Also note that you technically do not need the DWORD PTR directives that I've used in the code because the inline assembler (and MASM syntax in general) tries to read your mind and assemble the code that you meant to write. However, I like to write it to be explicit. It just means that the value you're loading is DWORD-sized (32 bits). All pointers on 32-bit x86 are 32 bits in size, as are int values and single-precision float values. QWORD means 64 bits, like an __int64 value or a double value.
Warning: When I first tested this code in MSVC using inline assembly, I couldn't get it to run. It worked fine when assembled separately using MASM, but when written using inline assembly, I couldn't execute it without getting an "access violation" error. In fact, when I tried your original code, I got the same error. Initially, I couldn't figure out how you were able to get your code to run, either!
Finally, I was able to diagnose the problem: by default, my MSVC project had been configured to dynamically link to the C runtime (CRT) library. The implementation of printf/printf_s is apparently doing some type of debug check that is causing this code to fail. I still am not entirely sure what the purpose of this validation code is, or exactly how it works, but it appears to be checking a certain offset within the stack for a sentinel value. Anyway, when I switched to statically linking to the CRT, everything runs as expected.
At least, when I compiled the code as a "release" build. In a "debug" build, the compiler can't tell that you need floating-point support (since all the floating-point stuff is in the inline assembly, which it can't parse), so it fails to tell the linker to link in the floating-point support from the CRT. As a result, the application bombs as soon as you run it and try to use scanf_s with a floating-point value. There are various ways of fixing this, but the simplest way would be to simply explicitly initialize the afloat value (it doesn't matter what you initialize it to; 0.0 or any other value would work just fine).
I suppose you are statically linking the CRT and running a release build, which is why your original code was executing. In that case, the code I've shown will both execute and return the correct results. However, if you're trying to learn assembly language, I strongly recommend avoiding inline assembly and writing functions directly in MASM. This is supported from within the Visual Studio environment, too; for setup instructions, see here (same for all versions).

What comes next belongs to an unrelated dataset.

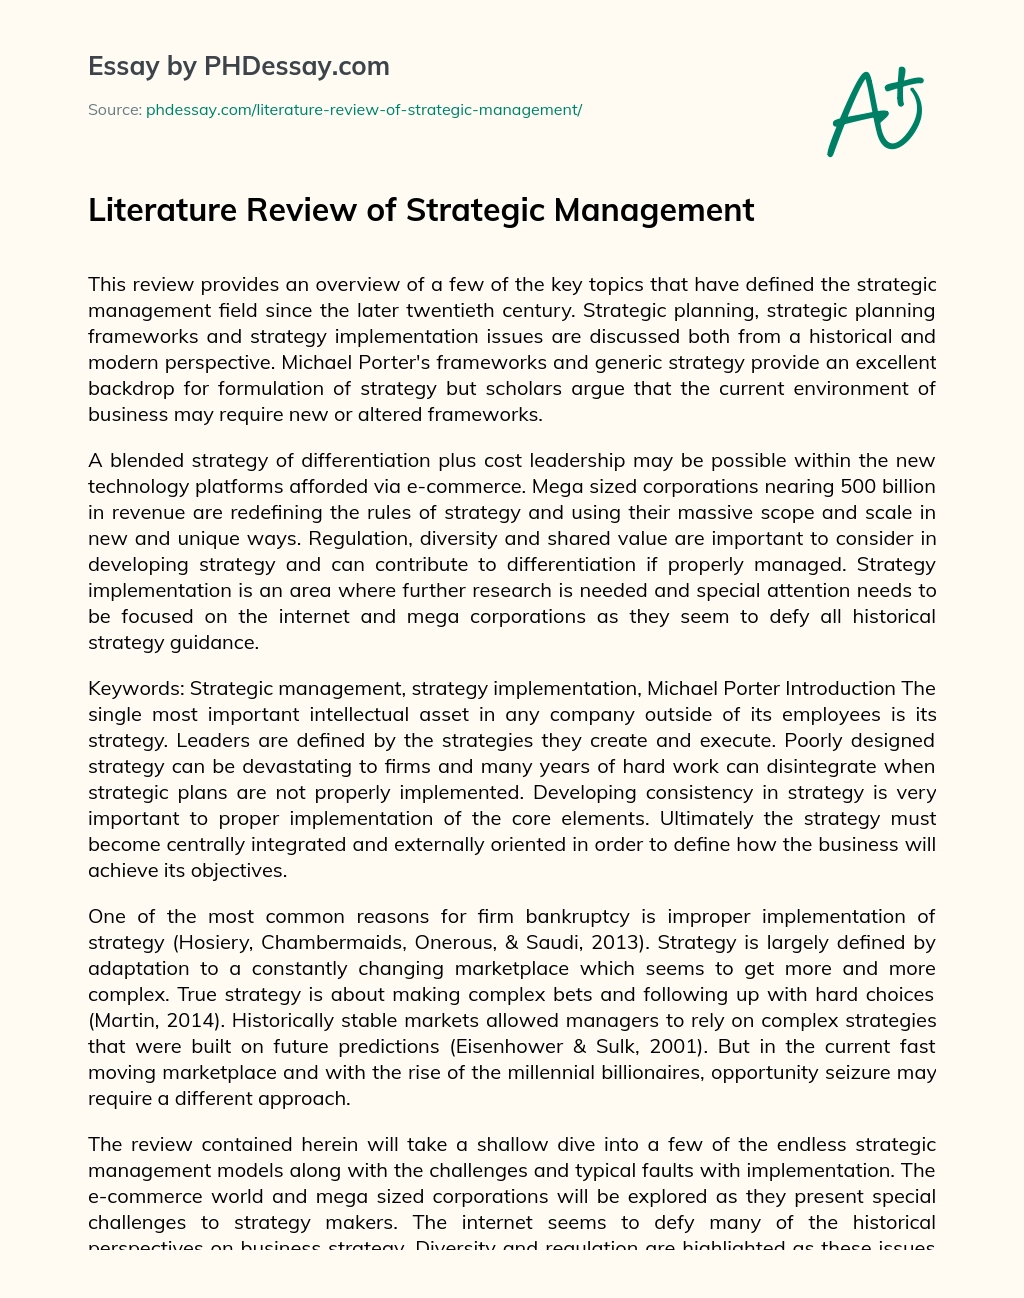 Literature Review of Strategic Management essay

Have you used a debugger to look at registers / memory?
fstp [esp] is extremely suspicious, because ST0 should be empty at that point. scanf returns an integer, and the calling convention requires the x87 stack to be empty on call/return, except for FP return values.
I forget what happens when you FST while the x87 stack is empty. If you get zero, that would explain it, since this is what you're passing to printf.
add esp, 8 / sub esp, 8 is completely redundant. There's no point in doing that. You can just take it out. (Or comment it out but leave it there as a reminder that you've optimized by reusing the arg space on the stack instead of popping it and pushing new stuff.)
Since scanf writes the double at the address you passed, you could avoid copying it by getting it to write it near the bottom of the stack, and then adjust ESP to right below it. Push a format string and you're ready to call printf, with the double already where it needs to be on the stack as the second arg.
sub esp, 8 ; reserve 8 bytes for storing a `double` on the stack
push esp ; push a pointer to the bottom of that 16B we just reserved
push OFFSET input_format ; (only works if it's in static storage, but it's a string constant so you should have done that instead of initializing a non-const array with a literal inside `main`.)
call scanf ; scanf("%lf", ESP_before_we_pushed_args)
add esp, 8
; TODO: check return value and handle error
; esp now points at the double stored by scanf
push OFFSET output_format
call printf
add esp, 12 ; "pop" the args: format string and the double we made space for before the scanf call.
If the calling convention / ABI you're using requires that you make function calls with ESP 16B-aligned, you can't shorten it quite this much: you'll need an lea eax, [esp+4] / push eax or something instead of push esp, because the double can't be right above scanf's second arg but also be printf's second arg if both calls have the stack 16B-aligned. So have scanf store the double at a higher address, and add esp, 12 to reach it.
IDK if MSVC-style inline-asm guarantees any kind of stack alignment in the first place. Inline-asm seems to make this problem more complicated in some ways than just writing the whole function in asm.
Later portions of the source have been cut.